Agresta F, Mazzarolo G, Bedin N
Unità Operativa Complessa di Chirurgia Generale, Ospedale Civile, Via Forlanini 71, Vittorio Veneto (TV), Italy.
JSLS. 2012 Apr-Jun;16(2):255-9. doi: 10.4293/108680812x13427982376383.
The Veress needle (VN) technique for establishing pneumoperitoneum in laparoscopic surgery is widely used and yet is associated with slow insufflation rates and potentially life-threatening complications. Although these complications have been rarely reported, they represent a major source of morbidity and mortality from laparoscopic procedures and a major reason for conversion to open surgery. The open laparoscopy (OL) is an alternative to the VN technique, being relatively safer, even if considered cumbersome by many authors. Recently, the direct trocar insertion (DTI) technique of establishing pneumoperitoneum has been reported as an alternative to both techniques, but it is largely confined to gynecologic procedures. We report a case-series study where we evaluate the patients who underwent a DTI entry for laparoscopy during a recent 5-year period, focusing attention on feasibility, safety, and the benefits of DTI.
This is a case series of 2175 different laparoscopic procedures (1456 [66.9%] scheduled cases and 719 [33%] emergencies). In 2091 (96.1%) of them (1425 [68.1%] scheduled cases and 666 [31.8%] emergencies), pneumoperitoneum was established with DTI, either in the umbilicus or in Palmer's point.
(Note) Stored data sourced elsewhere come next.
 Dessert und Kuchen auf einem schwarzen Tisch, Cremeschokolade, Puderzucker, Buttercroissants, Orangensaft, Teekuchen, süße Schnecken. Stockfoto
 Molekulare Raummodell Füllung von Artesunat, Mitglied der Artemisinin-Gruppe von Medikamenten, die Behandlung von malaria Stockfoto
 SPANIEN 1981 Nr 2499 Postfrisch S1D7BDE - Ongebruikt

There were no injuries, either minor or major. Peritoneal access and the creation of a laparoscopic workplace were obtained quickly and efficiently by DTI.
Our results suggest that DTI is a fast, safe, and reliable alternative to traditional techniques for pneumoperitoneum establishment and should be regarded as a part of the surgical armamentarium of a trained laparoscopic surgeon.
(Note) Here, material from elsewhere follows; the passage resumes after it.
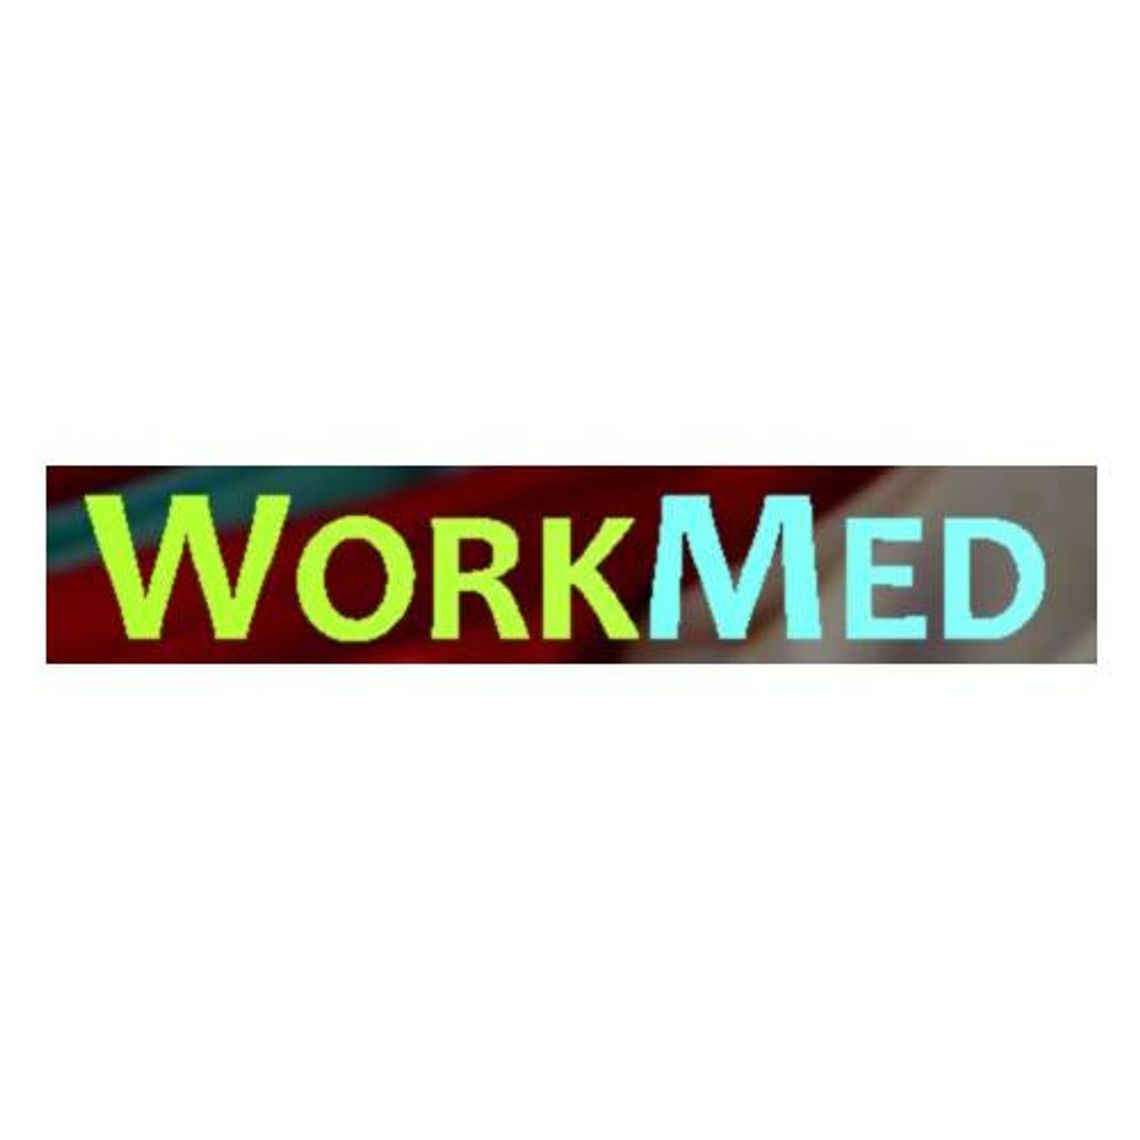 WorkMed - Producent odzieży medycznej i ochronnej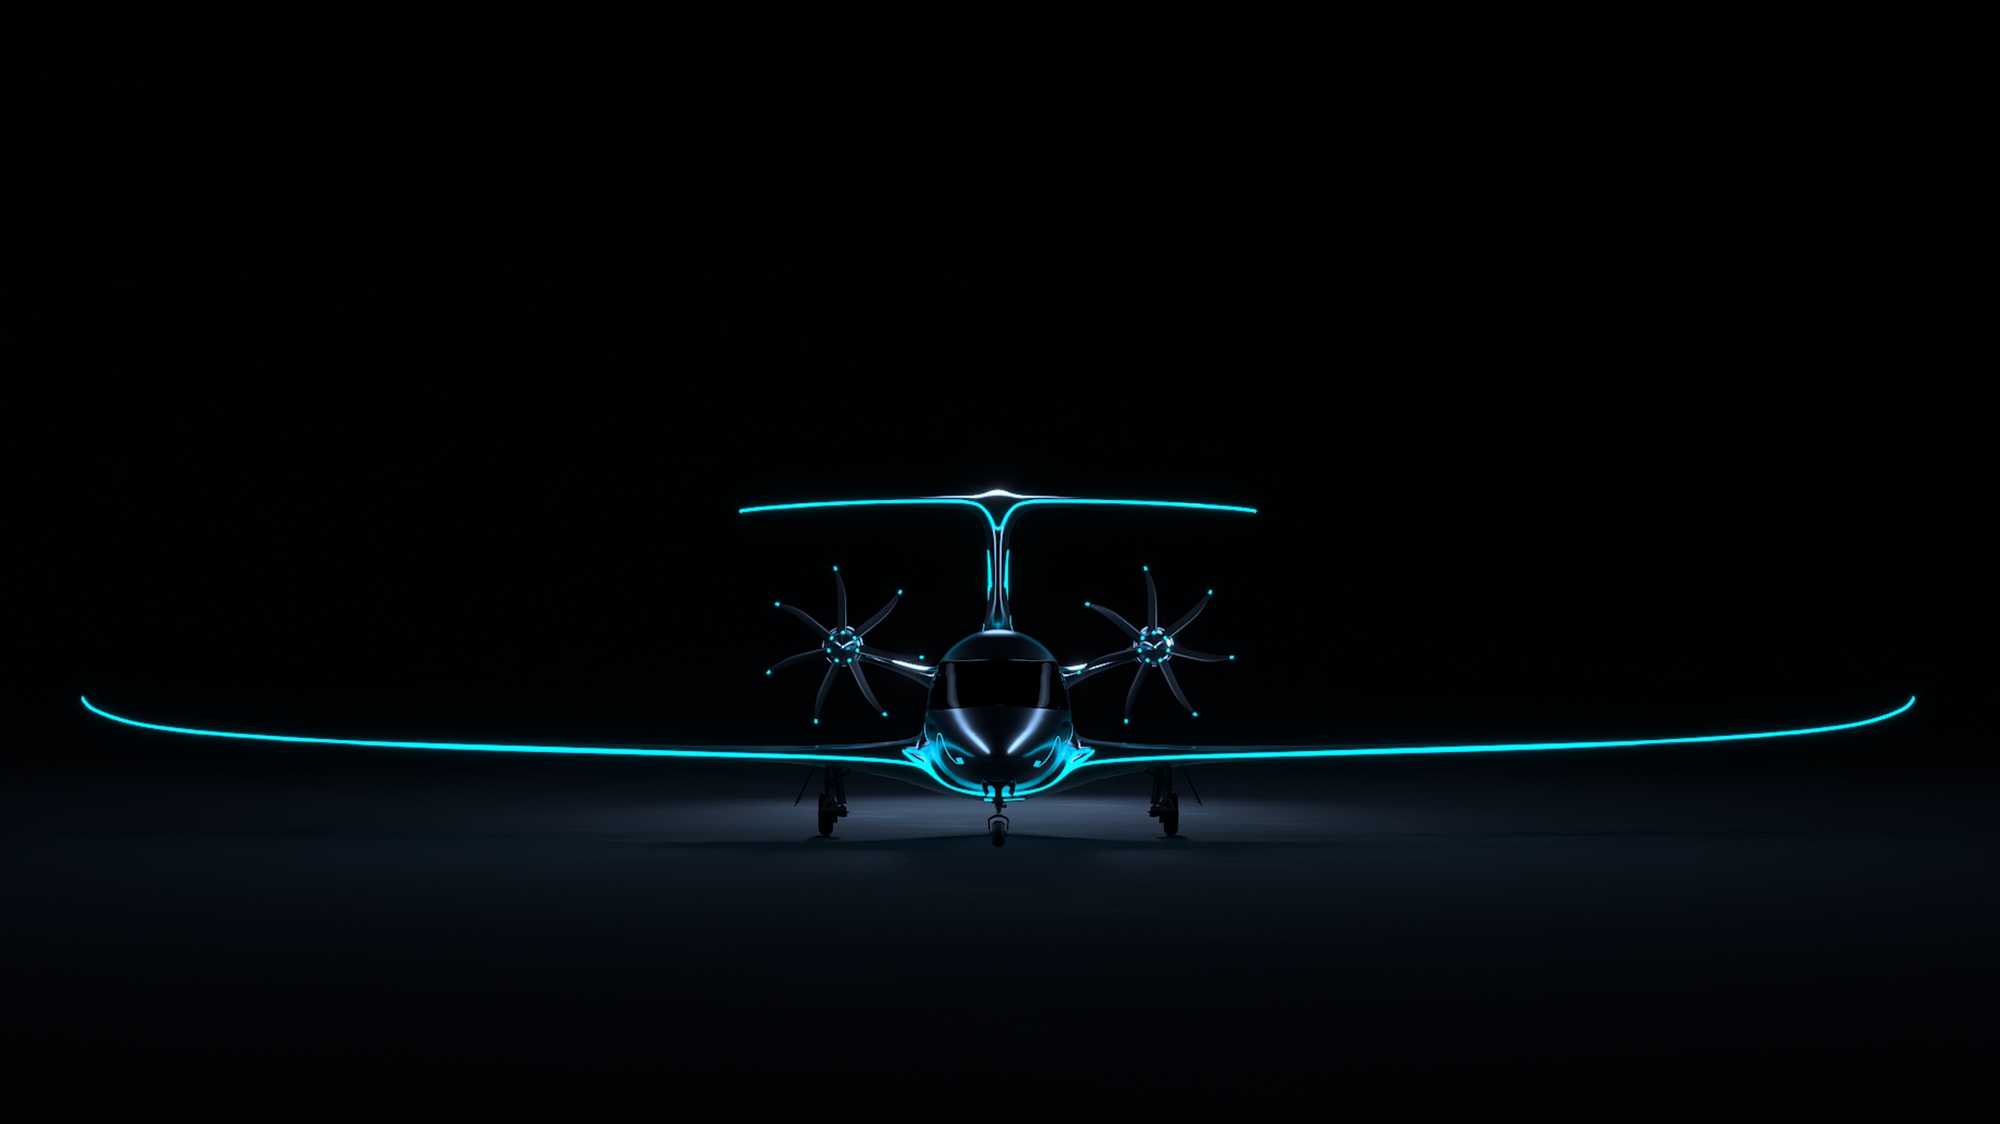 Concept aeroplane on a dark background

Veress针(VN)技术在腹腔镜手术中用于建立气腹广泛应用,但存在气腹充气速度慢以及潜在的危及生命的并发症。尽管这些并发症鲜有报道,但它们是腹腔镜手术发病和死亡的主要来源,也是转为开放手术的主要原因。开放腹腔镜手术(OL)是VN技术的一种替代方法,相对更安全,尽管许多作者认为其操作繁琐。最近,直接套管针插入(DTI)技术作为建立气腹的一种替代方法已被报道,可替代上述两种技术,但主要局限于妇科手术。我们报告一项病例系列研究,评估了近5年期间接受DTI入路腹腔镜手术的患者,重点关注DTI的可行性、安全性和益处。
这是一个包含2175例不同腹腔镜手术的病例系列(1456例[66.9%]择期病例和719例[33%]急诊病例)。其中2091例(96.1%)(1425例[68.1%]择期病例和666例[31.8%]急诊病例)通过DTI在脐部或帕尔默点建立气腹。
无轻微或严重损伤。通过DTI可快速有效地实现腹膜进入并创建腹腔镜手术操作空间。
我们的结果表明,DTI是一种快速、安全且可靠的替代传统气腹建立技术的方法,应被视为训练有素的腹腔镜外科医生手术器械库的一部分。